# STEP 1-3

In [None]:
import pandas as pd
import numpy as np
from sklearn.model_selection import train_test_split
from sklearn.cluster import KMeans
import matplotlib.pyplot as plt
from sklearn import preprocessing
import warnings
warnings.filterwarnings('ignore')
from dsiad_functions import Solution_UML
from dsiad_functions import plots
solution = Solution_UML()
plot = plots()   

In the previous module we have prepared the data by imputing the mean for missing values, removing highly correlated features and removing features with very low variance. We will reuse our prepared dataset, by loading the data saved at the end of the previous module.

In [None]:
wine = pd.read_csv("winequality-red_3.csv") 
X = wine.drop(["quality"], axis = 1)

In Unsupervised Machine Learning we only use the features, to look for hidden patterns in the data. We do not have a target or `y`. We set the features to `X`. 

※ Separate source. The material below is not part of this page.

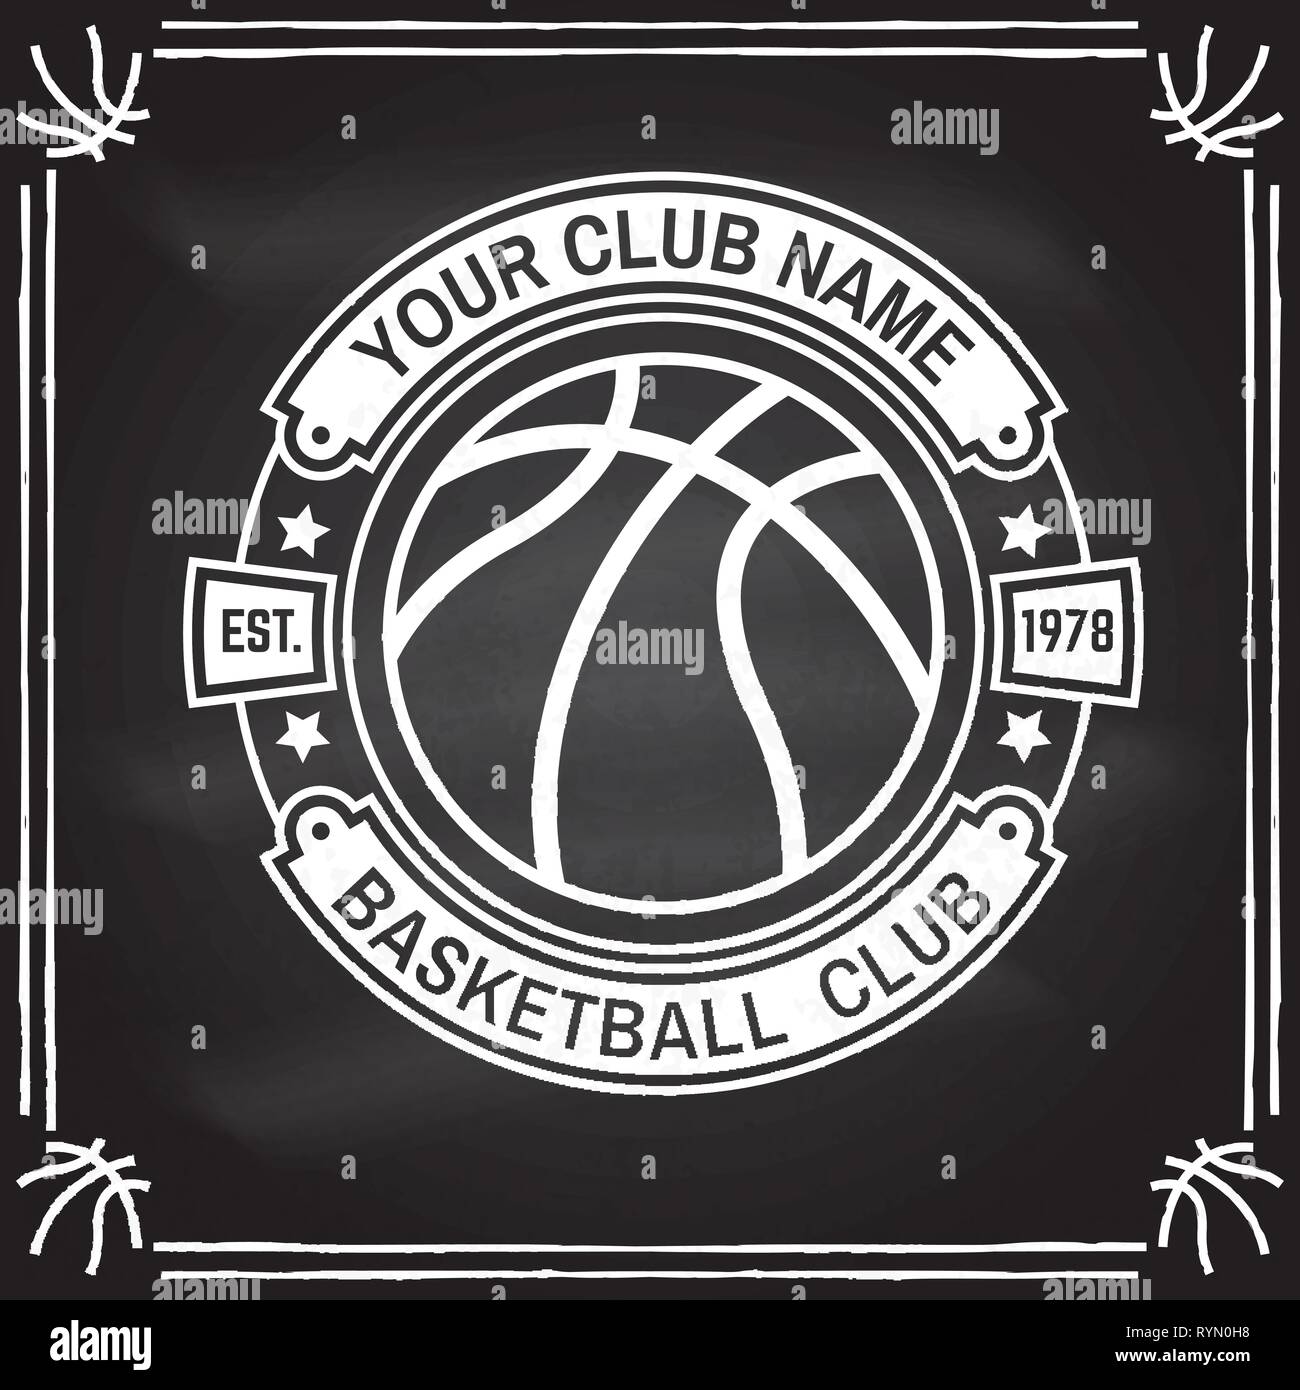 Basketball club badge on the chalkboard. Vector illustration. Concept for shirt, print, stamp. Vintage typography design with basketball ball silhouette. Stock Vector

# STEP 4: Feature Engineering

Before clustering, we normalize our dataset. This means that we set the mean of every column to zero and calculate each value relative to this mean. By doing this, each columns has the same range of values, which makes it more suitable for comparison.

Let's first check our dataset with the function we have learned! 

Now, we are going to apply normalization. Remember the formula for normalization is: (X - the minimum of X) / (the maximum of X - the minimum of X). 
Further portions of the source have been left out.